Picture of July 7, 2025

July 7, 2025

Precise replenishment doesn’t exist.  Most planners know that even if it’s rarely said out loud. At best, it’s an informed estimate — one that works well enough most of the time, until something shifts unexpectedly.

As a merchandise planner, you’re responsible for keeping stores stocked without overcommitting inventory, responding to changes in demand, and anticipating which SKUs are about to accelerate, often with limited data and little lead time. And when something slips, it’s your inbox that fills up first.

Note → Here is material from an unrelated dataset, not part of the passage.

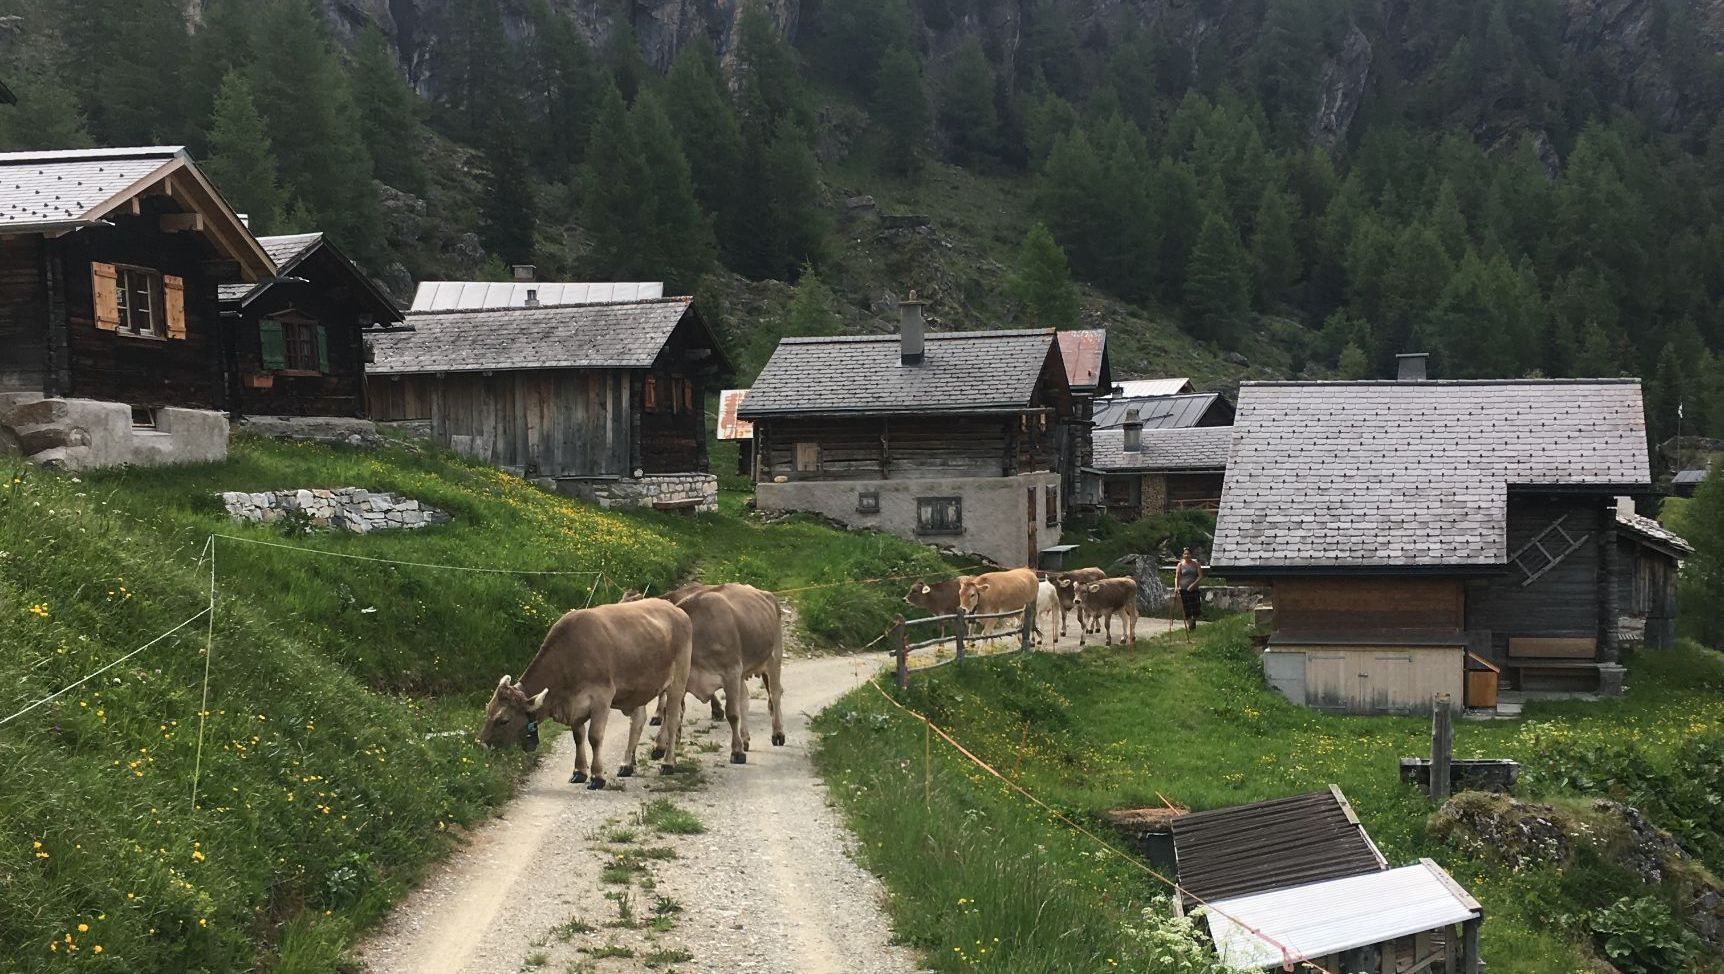 Schweiz Natur Berge Hütte mieten übernachten

This blog is intended to reduce some of that pressure. We’ll explore how advanced demand forecasting tools can help you shift from reactive, sales-driven replenishment to a more responsive, signal-led approach.

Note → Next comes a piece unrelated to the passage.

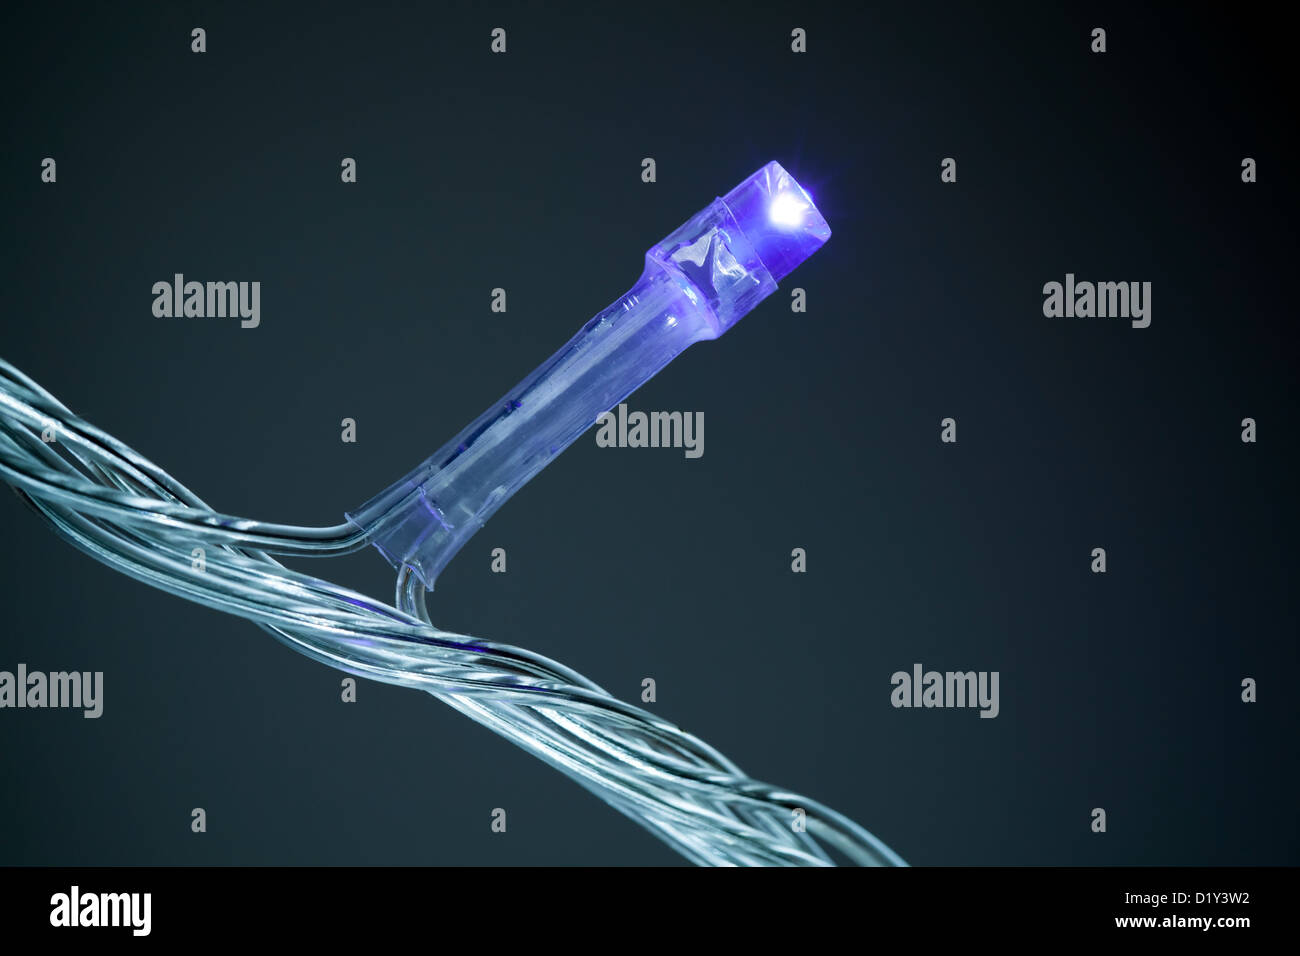 Closeup photo of blue LED (light emitting diode) light on a garland above dark background Stock Photo

The Real Reason Why Retail Replenishment Isn’t Precise

1. Store-level demand is highly variable

Of course, you might think. After all, retail stores in different states have different demographics, different local events, and buyer behaviors. But even stores located in the same city can perform differently.

Local events, weather shifts, foot traffic patterns, and customer demographics all influence what sells, when, and how quickly between two retail stores in the same locality. Standardized replenishment logic cannot pick up on these nuances. And often, this leads to overstocking in some stores and stockouts in others. 

Overstocking is known to have tremendous cost implications. According to a study, overstocks cost about $758.3 billion cumulatively in 2022.

2. Sales data is not the same as demand data 

Traditional replenishment logic assumes that sales data is the most reliable indicator of what customers want. And in most cases, it is until the product is out of stock.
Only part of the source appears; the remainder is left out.